Last season fellow Badger-stater Jerry Kelly, then 56, broke Arnold Palmer’s record from 1985 to become the oldest player to ever make the cut in Players Championship history and Stricker, 57, plans on making his longtime buddy’s history book mention short-lived.

“I do. I told Jerry that, I said ‘I’m going there to break your record.’ I’m going there to do better than that, I’m going there to do well, that’s my mindset and that’s what I’m gearing towards and working towards,” Stricker said.

The last time the Madison based golfer appeared in the tournament was in 2020 and he missed the cut. But in 2018, Stricker tied for 23rd place and his best finish in the last decade was a tie for 13th in 2014.

“I think it’s a course where I can play well. You don’t need to have a lot of length. It’s more important to keep the ball on the fairway and hit proper iron shots.
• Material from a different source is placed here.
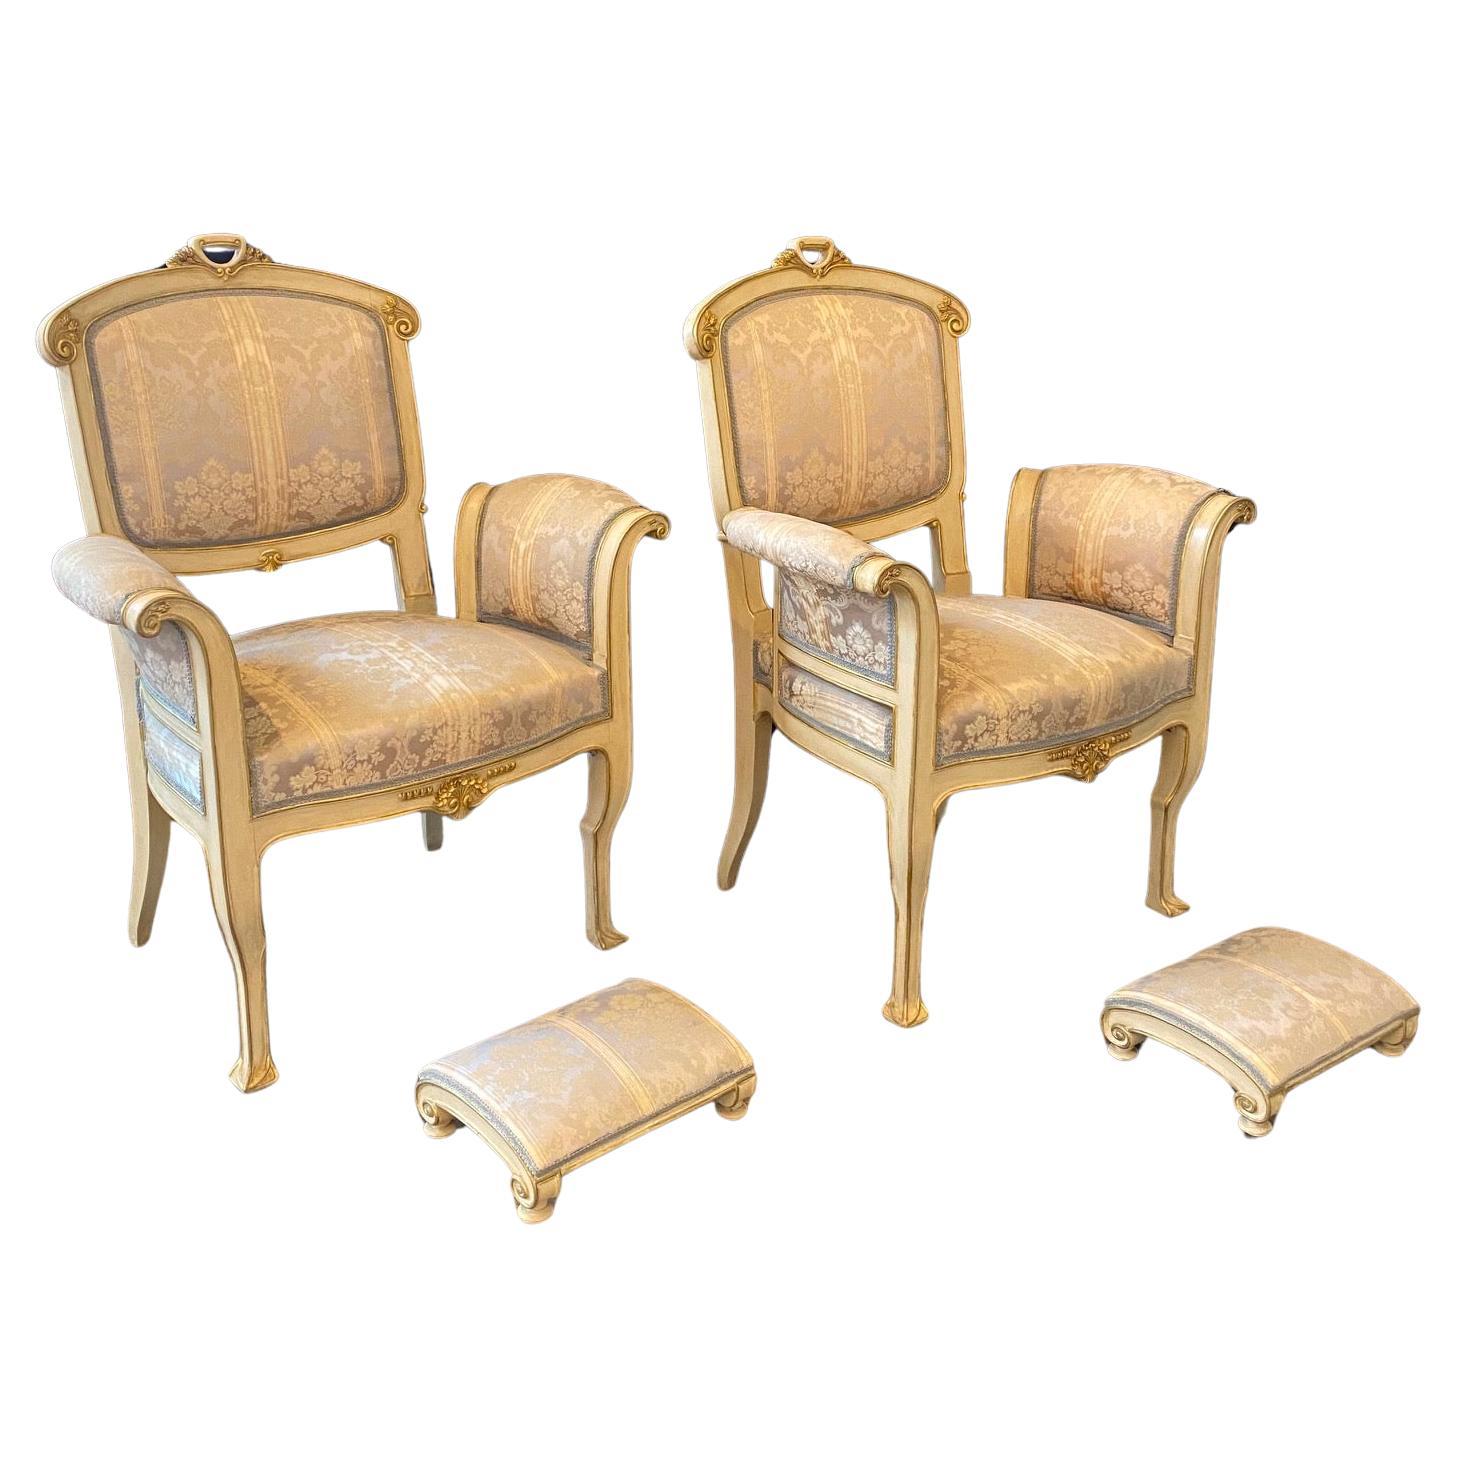 Paire de charmants et élégants fauteuils ou chaises italiennes Art Nouveau avec d'exquis poufs, tous avec un magnifique tissu damassé d'origine à rayures sourdes. Cette pièce fait partie d'un ensemble de 10 pièces Art Nouveau du début du 20e siècle,

It’s one that even at my age I think I can play well at,” he said.

His experience playing Sawgrass’ signature 17th hole, the 137-yard boogeyman that flummoxes many wedges shots aimed at the island green that end up plunking into the water surrounding the island green will come in handy. Although, even a golfer of Stricker’s caliber feels his confidence waver whenever he stares down that dastardly par 3.

“You’ve got that fear in the back of your mind, for sure. It’s one of those holes I’ve played pretty conservatively over the years. I try to hit it into the center of the green,” Stricker said.
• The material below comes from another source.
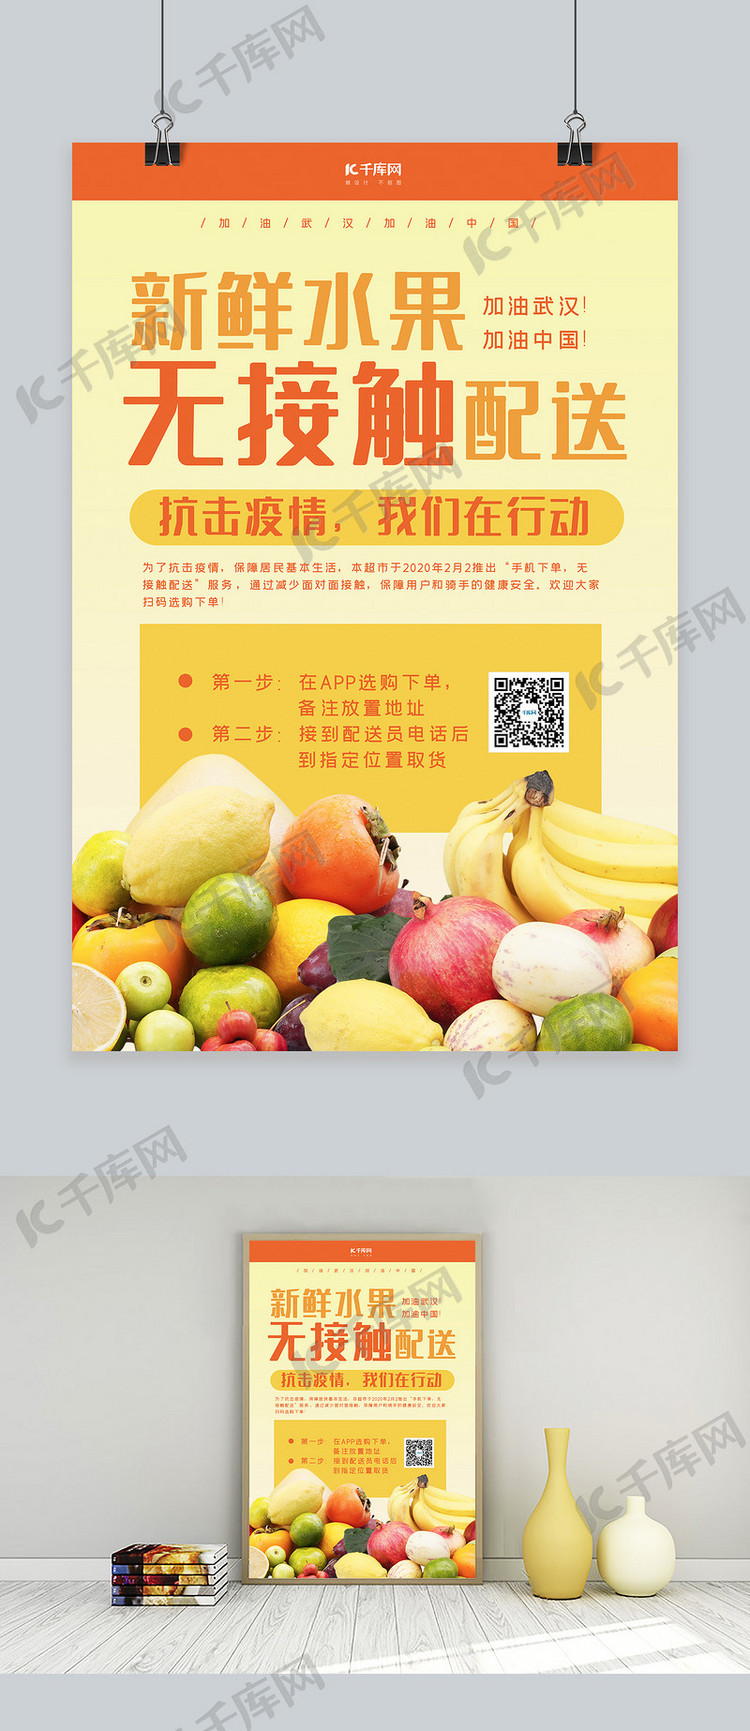 无接触配送水果配送橙黄色简约海报

“Some years you can be more aggressive because the green gets soft but I’ve played there some years that it gets so firm and fast that you’re just trying to get it on the green and the wind is tricky in that area of the golf course. Picking the right club becomes the challenge but most times I’m just trying to hit it right in the center of the green, take my two putts and make my three and move on.

In late March, Stricker will tee off at the Dinah Shore Tournament Course at Mission Hills Country Club for the Galleri Classic. The event, now in its second year, is named after Grail’s multi-cancer early detection test, a logo that was just added to Stricker’s polo after signing a partnership deal with them last month.

“Cancer has hit all of us in some form or another, whether it’s someone we know, a friend or a relative” Stricker explained. He will also take the blood draw designed to screen for early signs of over 50 types of cancer.

“I’m excited to take the test. Hopefully they don’t find anything but if they do, I can be proactive and get more information on what I need to do,” Stricker said.

The final test for Stricker will be how he can follow up a wildly successful season with a sequel. He’s currently ranked 17th all time in PGA Tour Champions wins with 17. It would take just three more wins to work his way into the top 10 on a list topped by Bernhard Langer who has an astonishing 46 wins and is still active.

“It’s a crazy amount of wins. Someone told me after I had won those six times last year—’ok now go ahead and do that for five more years and you can catch Bernhard.’ That put it in perspective pretty quickly,” Stricker said.

“The longevity of Langer’s career is amazing and he continues to amaze us. It’s an amazing record and I don’t know if I see that being broken. You’d have to come out at age 50 and right away put the pedal to the metal and keep it going for ten years and that’s going to be hard to do.”